The P. D. Hinduja Hospital and Medical Research Centre is a multi-speciality, tertiary-care hospital in Mumbai, India. It was founded in 1951 by Parmanand Deepchand Hinduja, in collaboration with the Massachusetts General Hospital, the main teaching hospital of Harvard Medical School, Boston.

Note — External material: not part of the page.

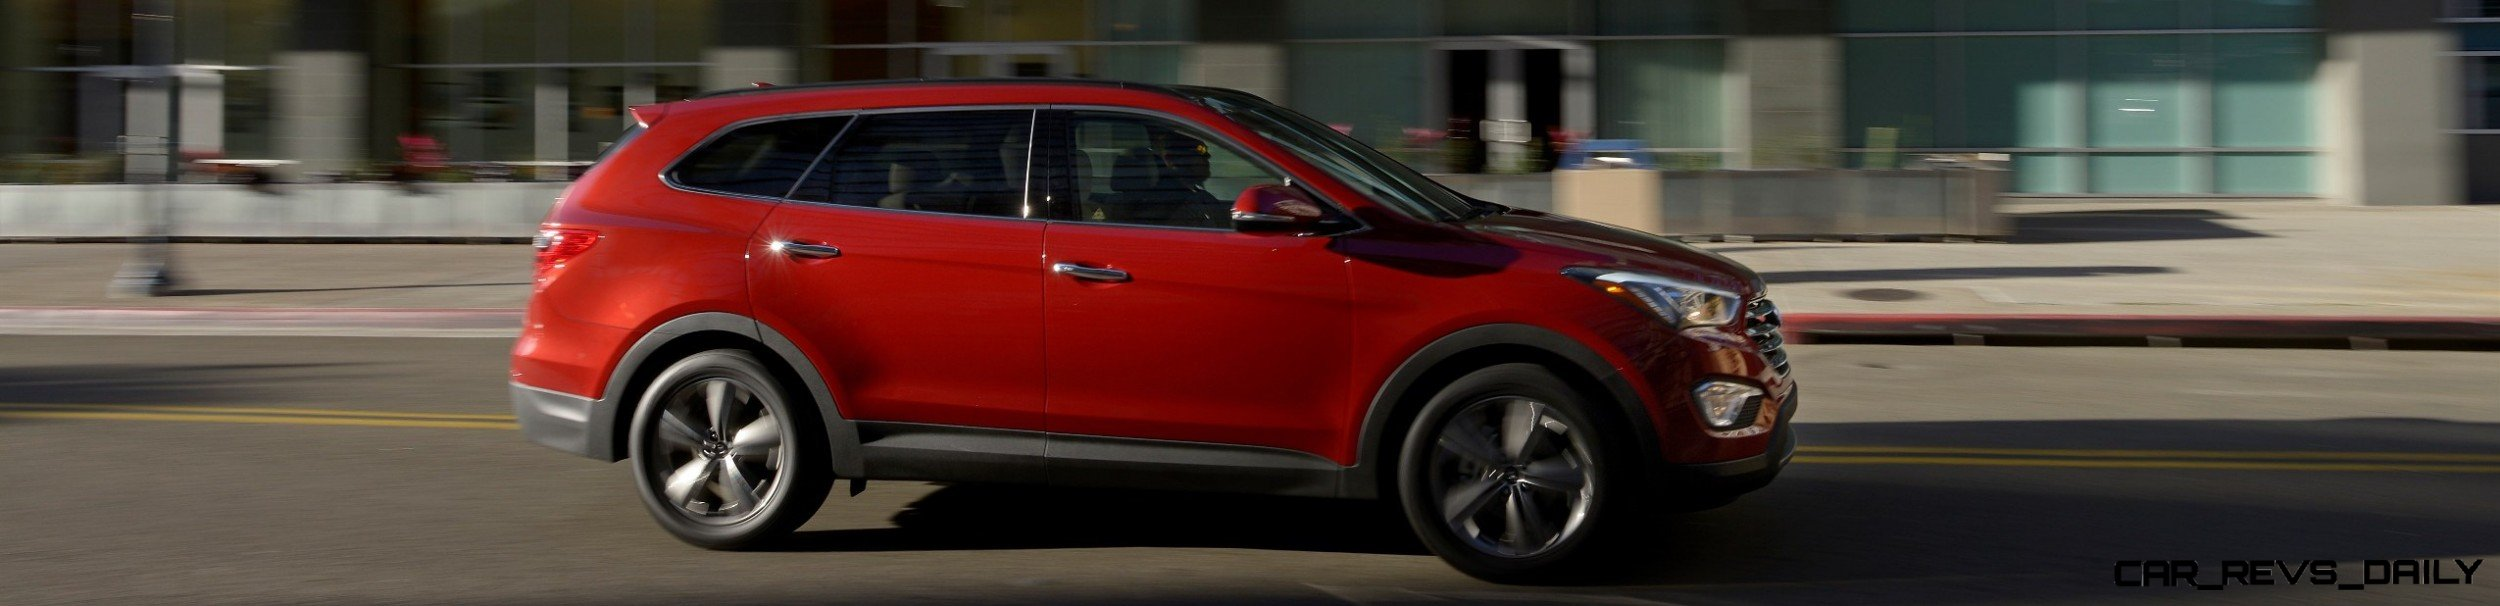 2014 Hyundai Sante Fe Sport Vs Lwb Buyers Guide With

The hospital is owned and operated by the London-based Hinduja Group, through Hinduja Healthcare Limited, which also operates Hinduja Healthcare Surgical at Khar, Mumbai. Its chief executive officer is Gautam Khanna.

Hinduja Hospital is ranked the 6th-best hospital in India, 3rd-best among the private hospitals in India, best in Western India, best multi-speciality hospital in metros, and the cleanest hospital in Mumbai.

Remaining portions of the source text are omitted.